Irgendwie ist es schon recht ulkig, wie schnell man Regen, Hagel und Wetterunbill aus der Erinnerung tilgt. Geht mir zumindest so. Mit etwas zeitlichem Abstand erinnert man sich nur noch an die musikalischen Höhepunkte, aber nicht mehr an den kleinen Weltuntergang, der uns am Samstag nachmittag heimsuchte.

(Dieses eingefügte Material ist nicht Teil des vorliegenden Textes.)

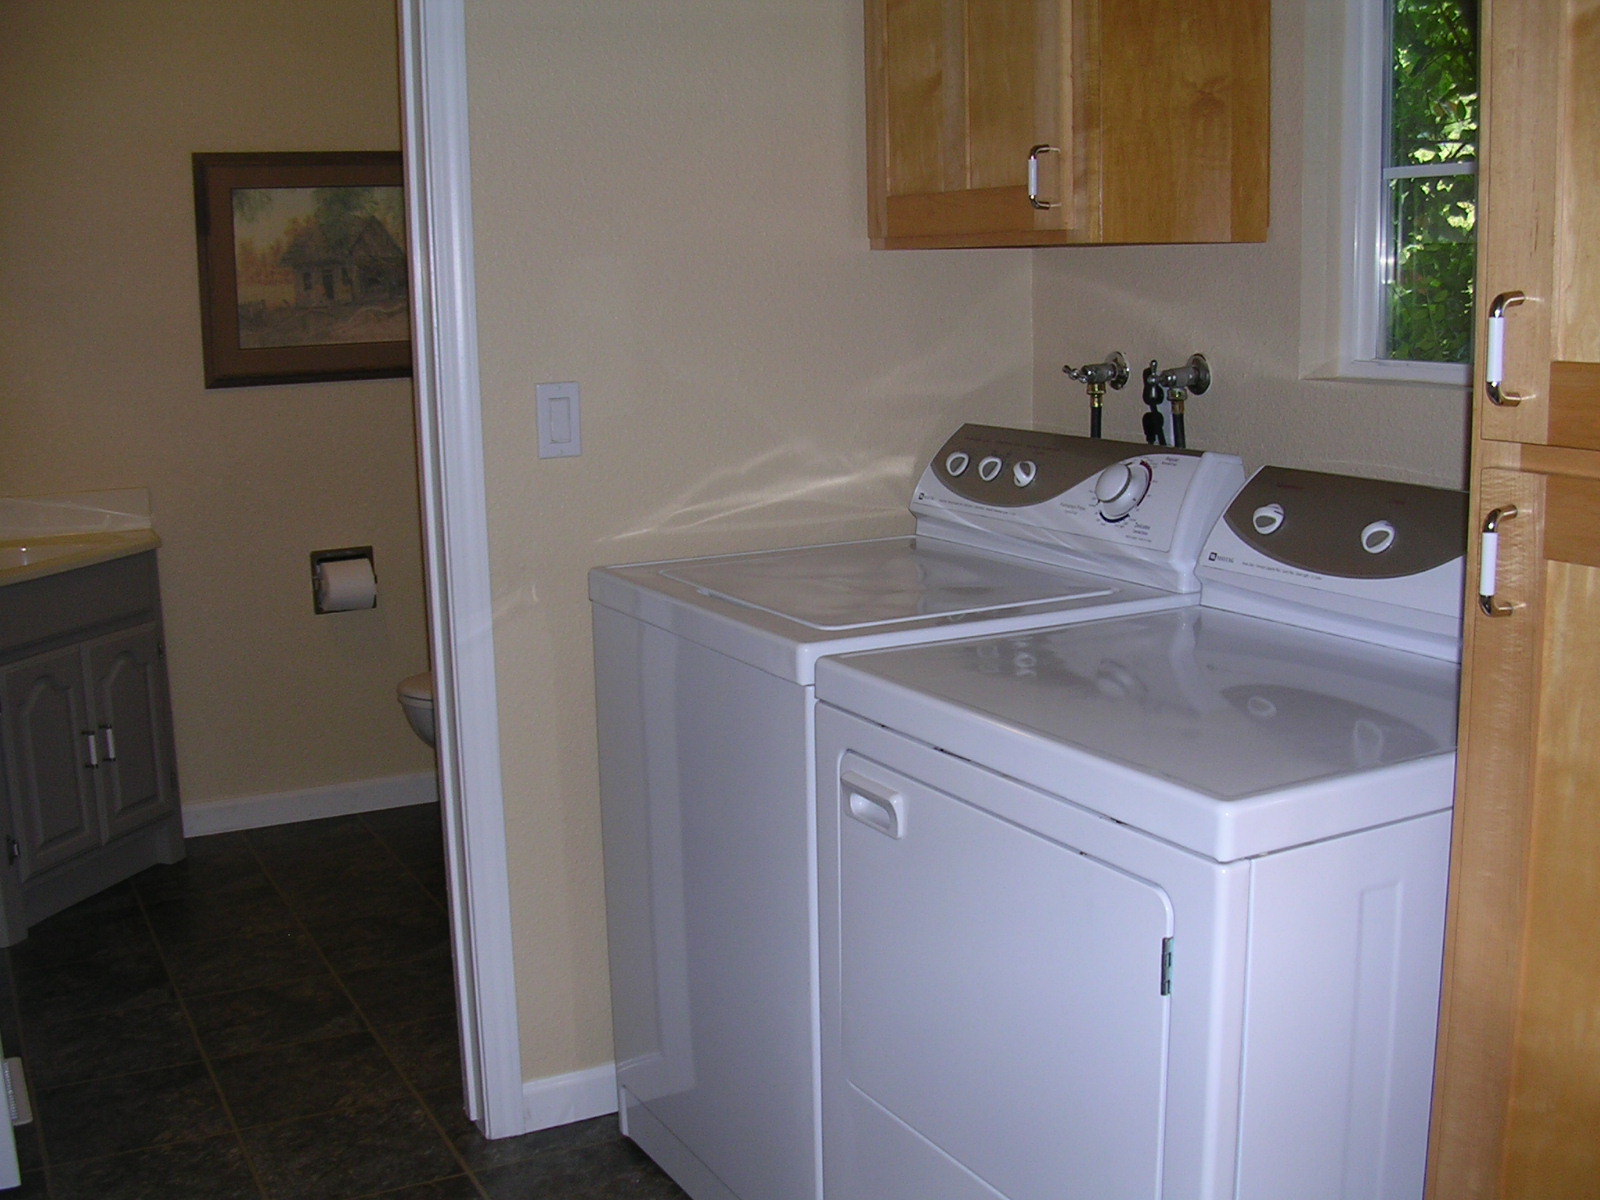 Upstairs laundry room with half bath located off kitchen.
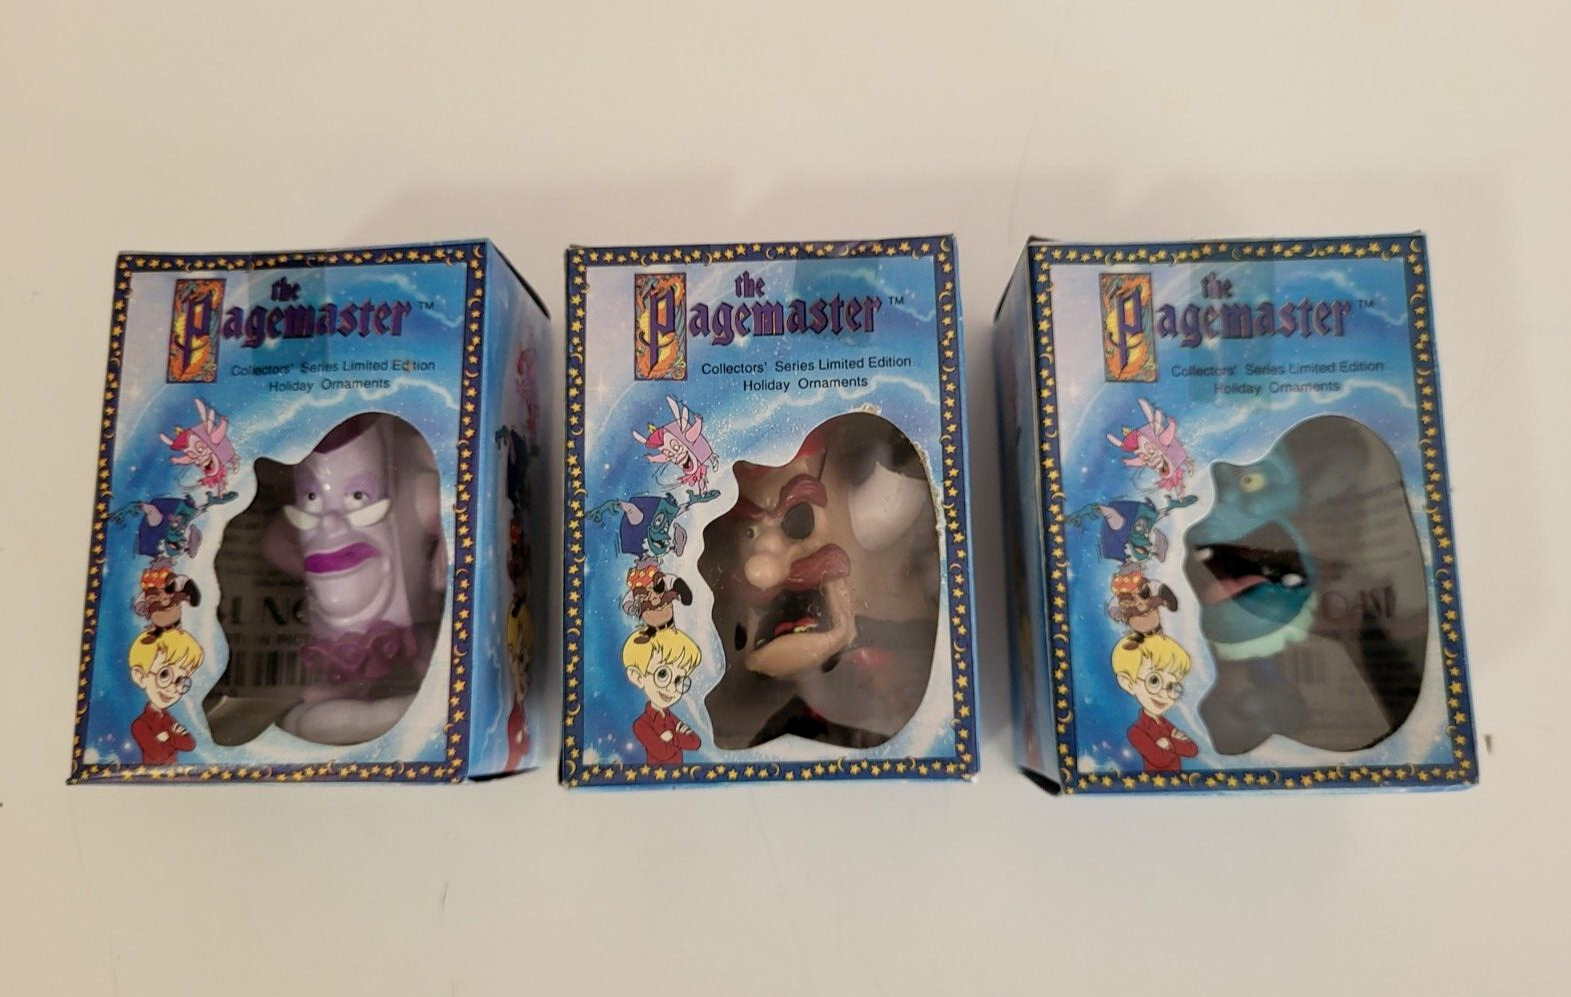 Set of 3 The Pagemaster Collectors Series Limited Edition Holiday Ornaments 1994

Ausnahmsweise war es dabei mal von Vorteil, dass die Konzerte traditionell recht spät am Tag beginnen. Es fing ganz harmlos an mit ein paar Tropfen, ein bisschen Sprühregen, dann kann noch etwas Wind auf der sich dann allerdings zu ein paar Sturmböhen aufschwang und letztlich kulminierte ganz Ganze indem noch ein paar Wagenladungen kleine Eiswürfelchen über dem Zeltplatz ausgeschüttet wurde.  Nachdem der Wind sich legte konnten die dann gut zum kühlen der Getränke verwendet werden. Eigentlich doch ganz praktisch. Die kleinen Schauer im weiteren Tagesverlauf hätten aber nicht unbedingt sein müssen. Zum Glück sind die Gemini-Bühne und Zelt überdacht.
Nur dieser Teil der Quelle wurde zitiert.